Кимка & компания - Наталья Евдокимова 6 стр.


Привет. Это Демид. Я давно хотел встрять в этот рассказ, но писать не умел. Спасибо брату за грамотность, чего уж там. Вы думаете, что я здорово обрадовался, когда остался в мыслящей субстанции дельфинов ждать. Так вот, ничего я не обрадовался. Я вообще радуюсь редко. Я остался, чтобы эта Астя поскорее подальше умчалась. Она, конечно, хорошая, но разговорчивая. То есть она раз в десять разговорчивее, чем её описывает мой брат Кимка. И как он её терпит? Я бы не вытерпел. Кимка же всех описывает так, как будто все люди одинаковые, а все люди разные. Я вот хмурый. Захар молчаливый. Он на разных языках научился говорить, но скажет два-три слова и молчит полдня. Так что мы не стали на дне оставаться, а дождались, пока Астю не слышно будет, и следом поплыли. А потом в тропиках затерялись среди детей, которые на лианы влезли. И вечером нас повели в какой-то дом и заставили мыть окна.

Мне снилось что-то такое хорошее, светлое, радостное, что я даже обрадовался, когда меня Астя разбудила.

– Спасибо, говорю, Астя, что разбудила, а то снилось мне что-то такое хорошее, светлое, радостное и съесть меня хотело, но теперь я благодаря тебе жив останусь.

А Астя говорит:

– Ты, Кимка, разговаривай, только давай выбираться из этого дома с бугристым полом, а то этот пол нам дорогу загородит, и будем мы только на лианах висеть и дома уборку делать сто лет подряд.

А я ей говорю:

– Но у них же телевизора нет, можем и побыть немножко.

Только Астя меня к двери тащит и приговаривает:

– Ничего ты не понимаешь, Кимка.

– Всё я понимаю, – отвечаю я. – Просто я спросонья. Я, может, не спал до этого года три, а ты меня будишь так неожиданно.

Мы тихонько к открытому окну пробрались, чтобы дверью не скрипеть, а за нами мужчина идёт.

– Я, Кимка и Астя, с вами пойду. Чистые полы я каждый день вижу, а просторы и разные местности – редко. Вот видите, я даже ваши имена выучил.

И смотрит на нас жалобно.

– Нет уж, – говорит Астя. – Взрослым с нами нельзя. Вы или тут оставайтесь, или уменьшитесь как следует, а потом уже в окно лезьте.

– Но если хотите, – говорю я, – то можете в противоположную сторону пойти, только не одни, потому что одному вам не понравится.

Мужчина разбудил всю свою семью, выдал всем по рюкзаку со сгущёнкой. Они вышли через дверь, а мы, как и собирались, через окно вылезли.

– Мы, – говорит Астя, – направо уходим, а вы налево идите. И когда-нибудь все встретимся, а может, и нет.

Мы снова к джунглям пошли, потому что Астя в них вчера неправильно зависла, и толком мы не углубились. Было утро, солнце только-только поднималось, но уже прилично грело. Мы, пока шли, загорать стали, а джунгли приближались и приближались.

– Как-то мы неправильно, – говорит Астя, – в джунгли идём. Мне загорать хочется, а там тень сплошная и деревья загораживающие.

А я говорю:

– Ты, Астя, вчера пол мыла, теперь должна понимать.

А Астя надулась и говорит:

– Все вы, мальчишки, такие, – а сама в джунгли быстрее меня лезет и за первые попавшиеся деревья хватается. – Тут, – говорит Астя, – все животные подо всё подстраиваются. Их поэтому заметить трудно, – и отдирает от дерева змею деревянного цвета, вертит ею передо мной и подальше забрасывает. А потом обезьяну с дерева снимает, но обезьяна понимает, что её увидели все, и сама убегает.

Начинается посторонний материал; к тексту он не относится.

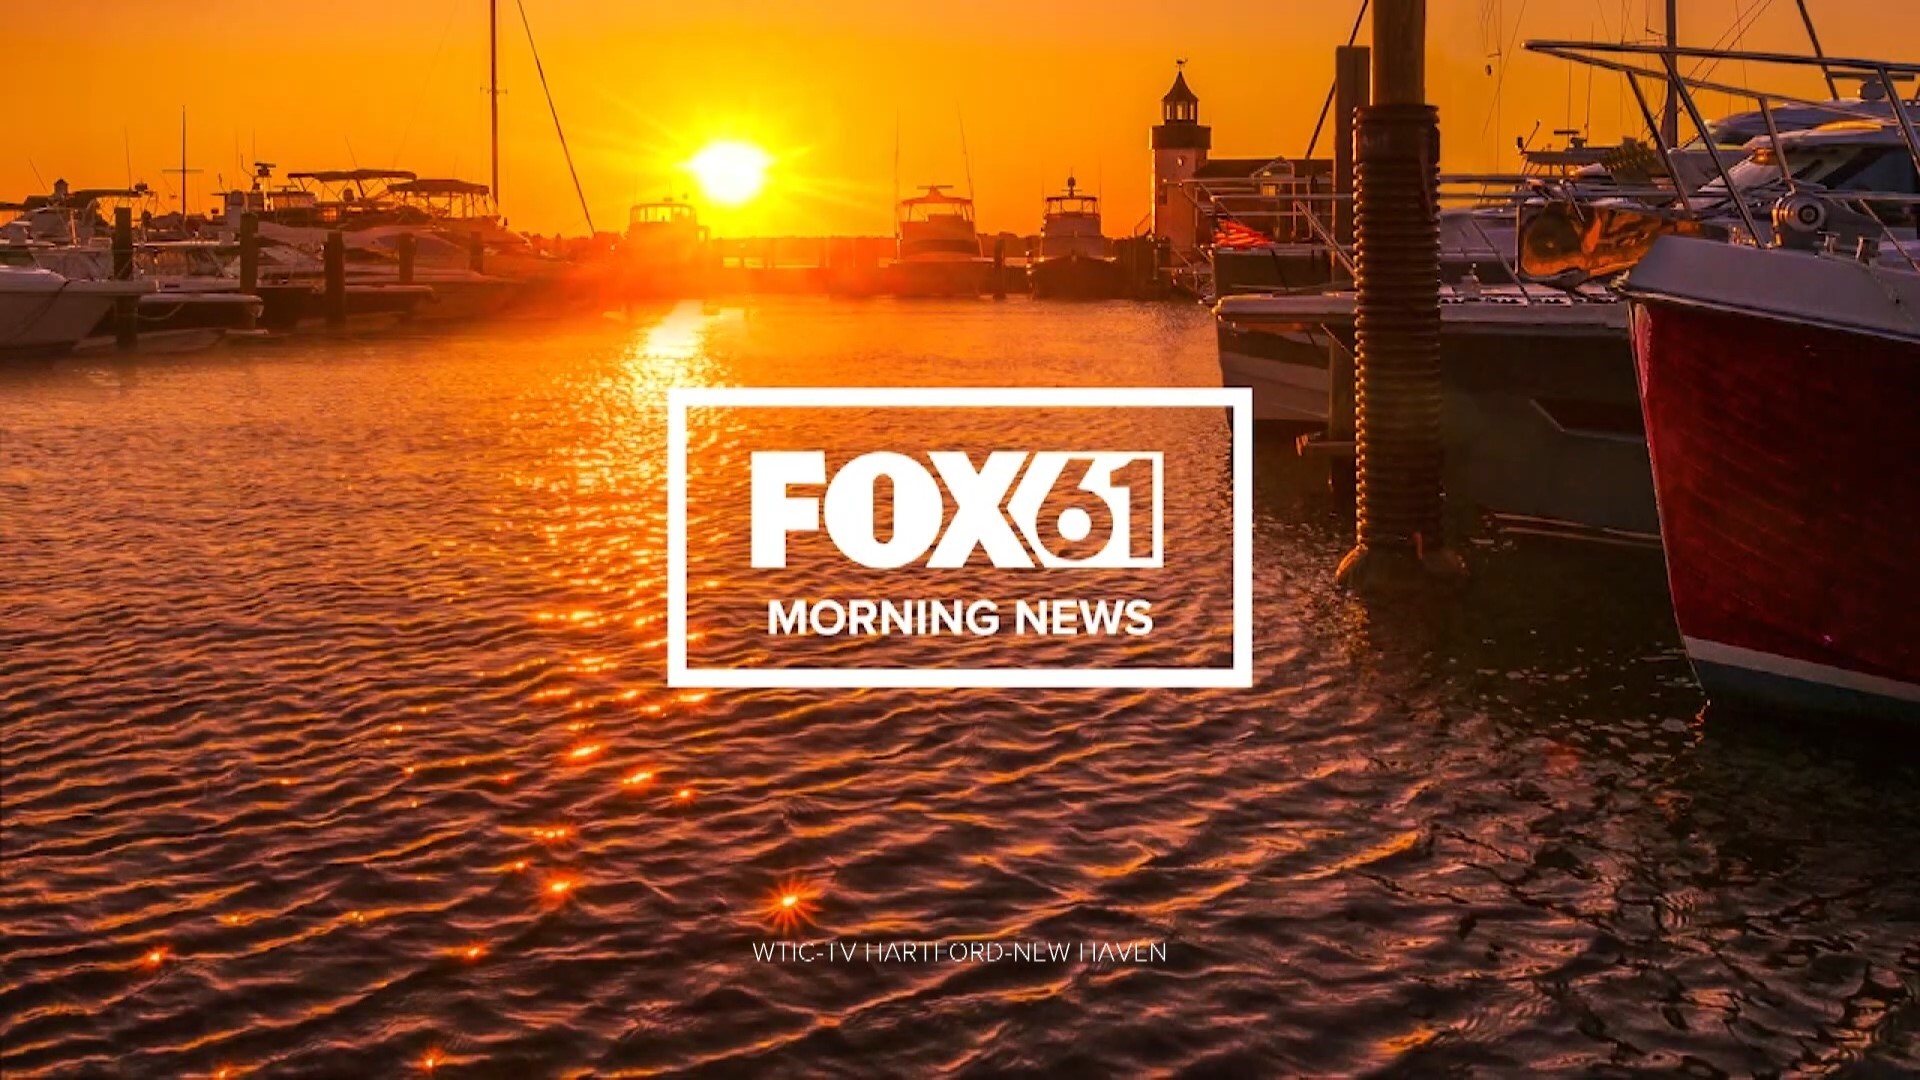 Here are the top stories for the morning of August 10 in Connecticut.
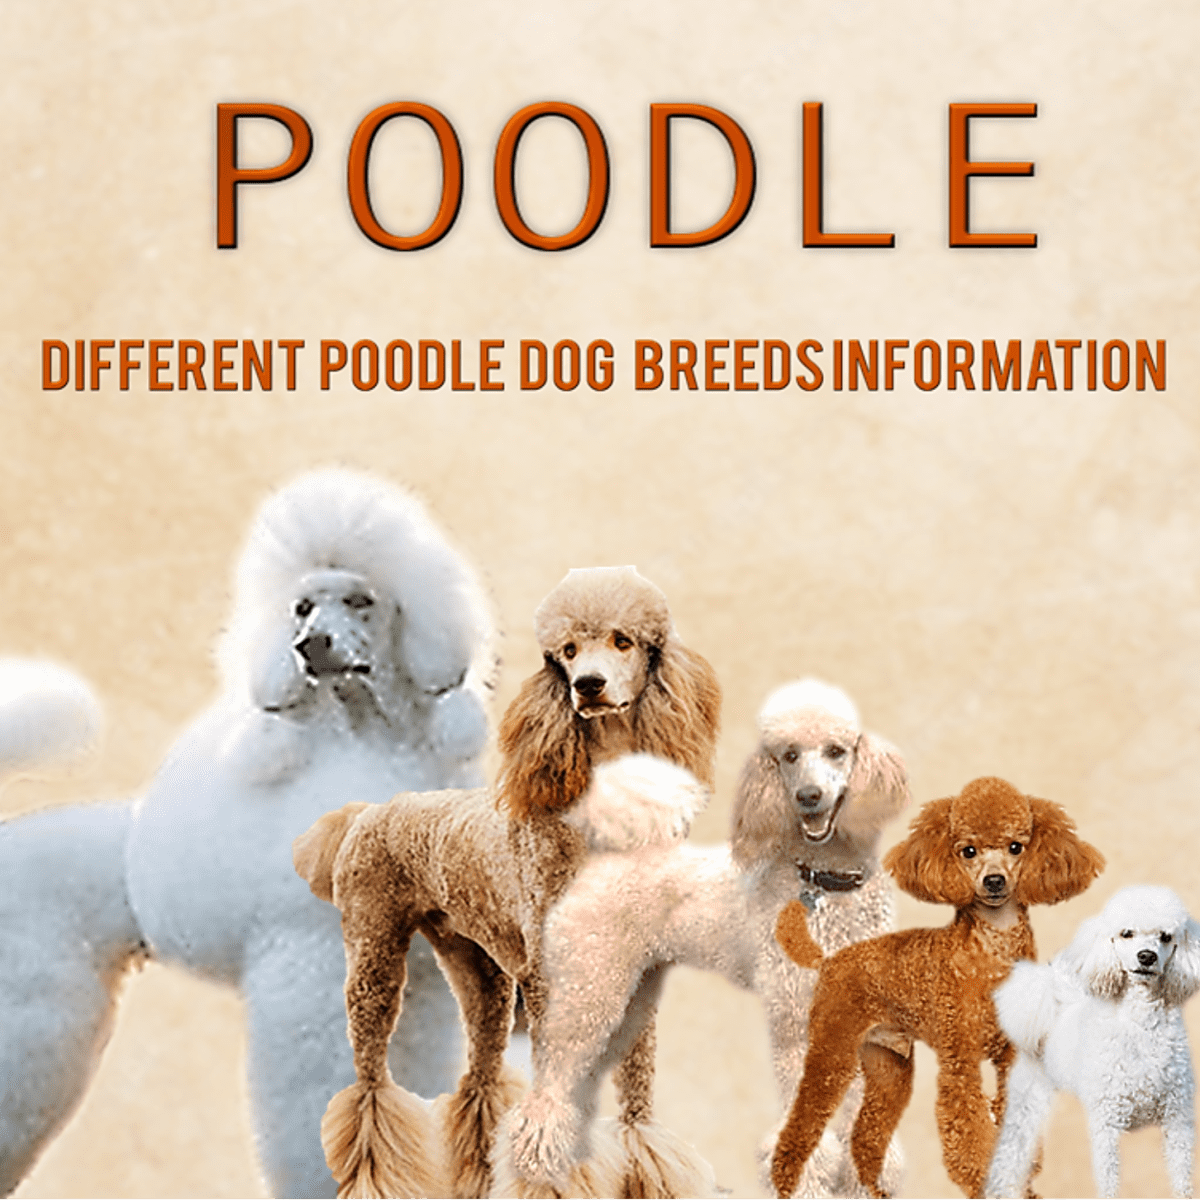 are moyen poodles hypoallergenic

– Здорово, – говорю, – ты, Астя, джунгли знаешь.

Астя так похвале обрадовалась, что повела меня все джунгли показывать, как будто она действительно их знает. И так плохо это у неё получалось, что все животные стали собираться и смотреть, как человек неправильно их джунгли знает. Пауки за нами толпами повалили, потому что любопытными оказались. Они стали друг на друга залезать, чтобы получше разглядеть, чего там Астя рассказывает. А двух самых больших пауков вперёд пустили, чтобы они им паутину плести успевали.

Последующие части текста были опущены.